* TASK TO COMPLETE *
When you copy the data that follows, reproduce every word exactly and leave out the images.

* GIVEN DATA *

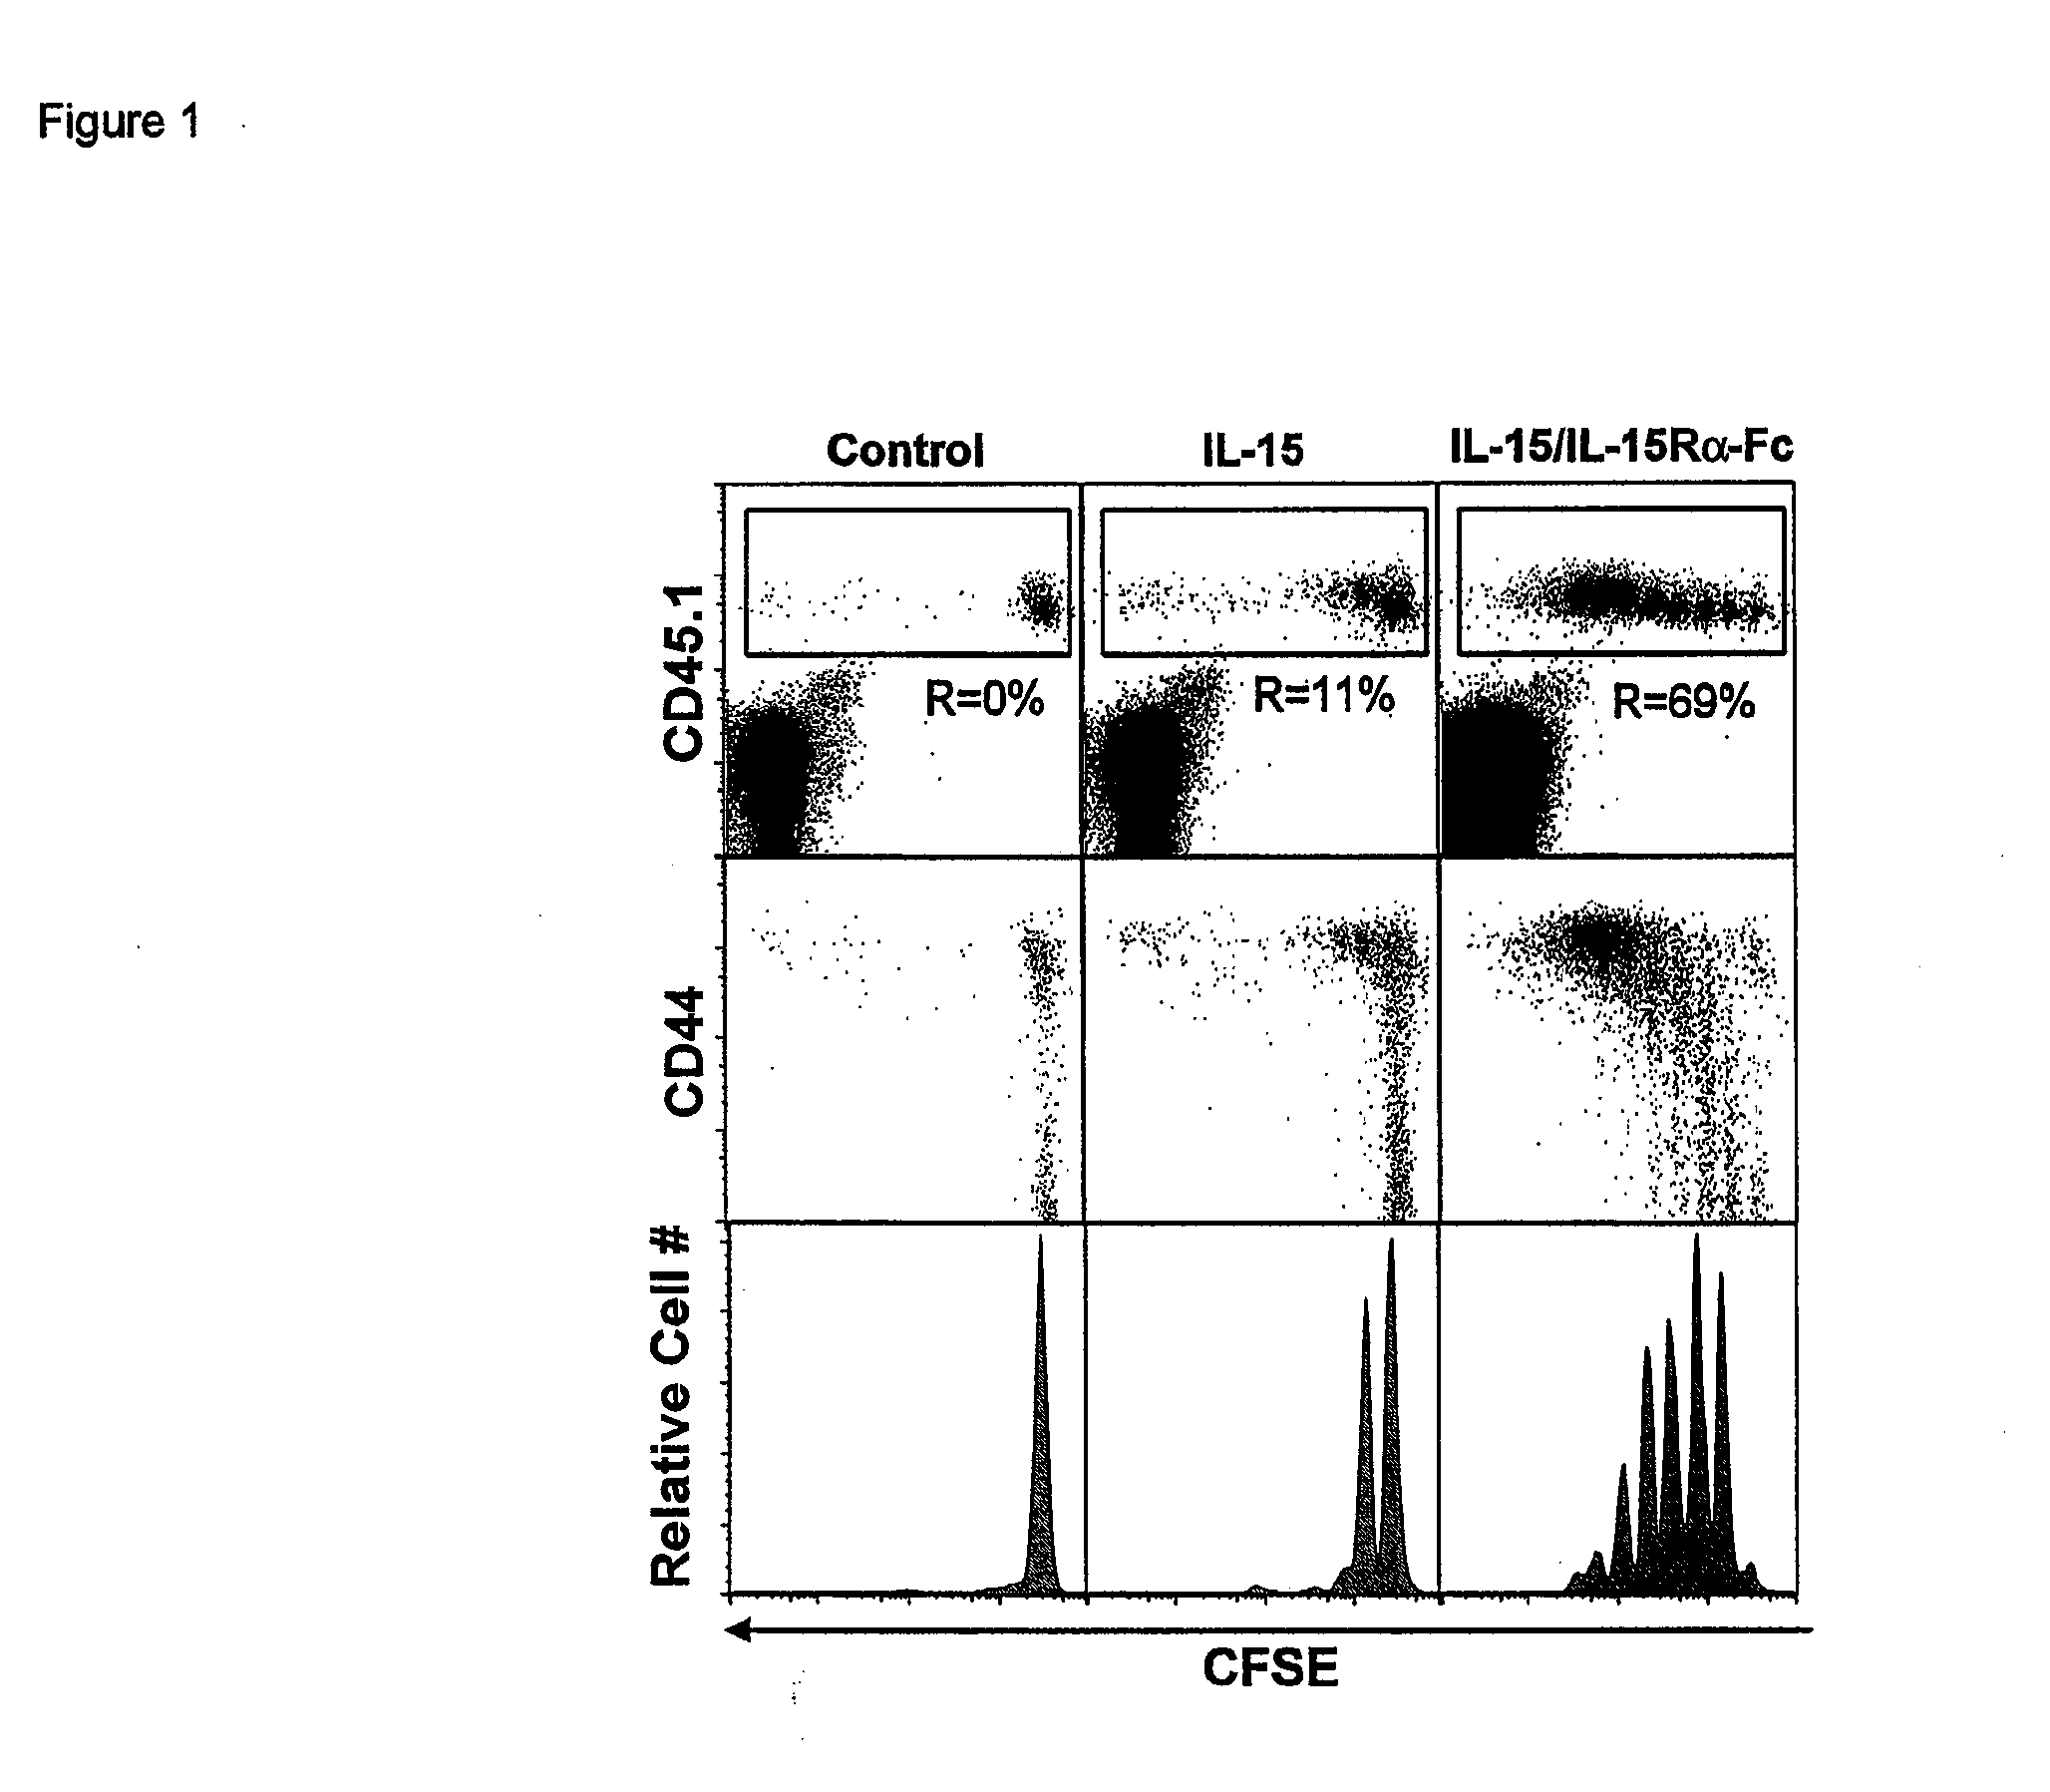 Compositions and Methods for Immunomodulation in an Organism
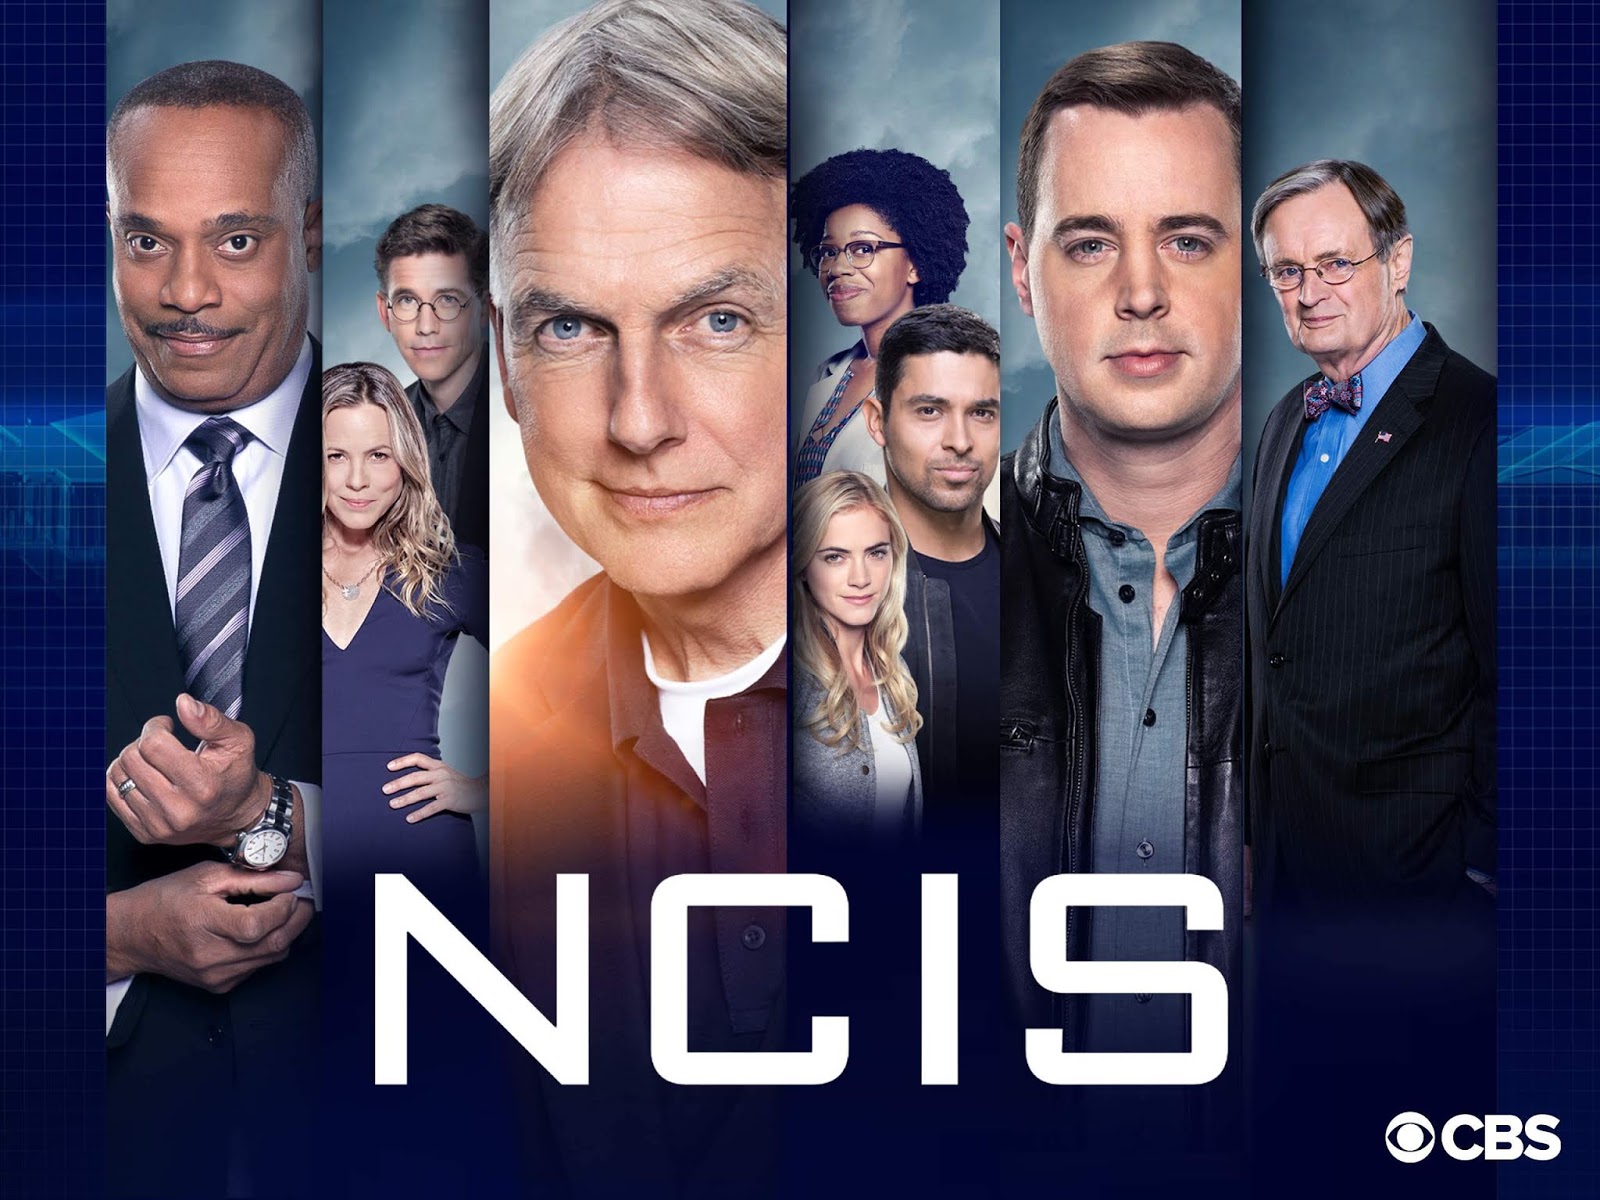 NCIS Renewed for Season 17 by CBS - The TV Ratings Guide
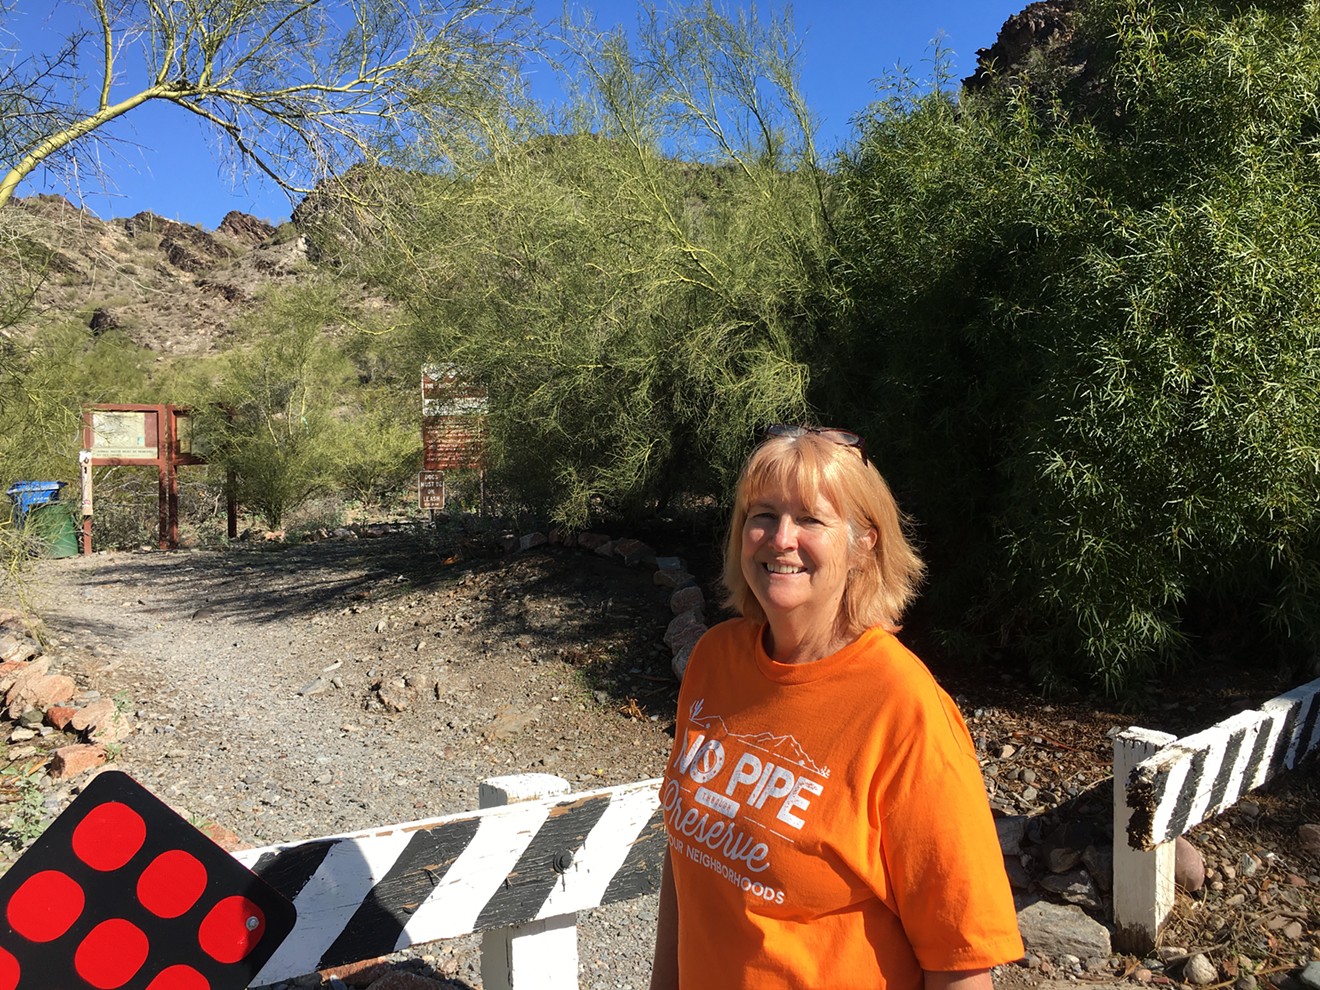 Katherine Roxlo at an entrance to the Phoenix Mountain Preserve, not far from her home in Madison Heights.

* RESULT OF THIS EXERCISE *
 Compositions and Methods for Immunomodulation in an Organism
 NCIS Renewed for Season 17 by CBS - The TV Ratings Guide
 Katherine Roxlo at an entrance to the Phoenix Mountain Preserve, not far from her home in Madison Heights.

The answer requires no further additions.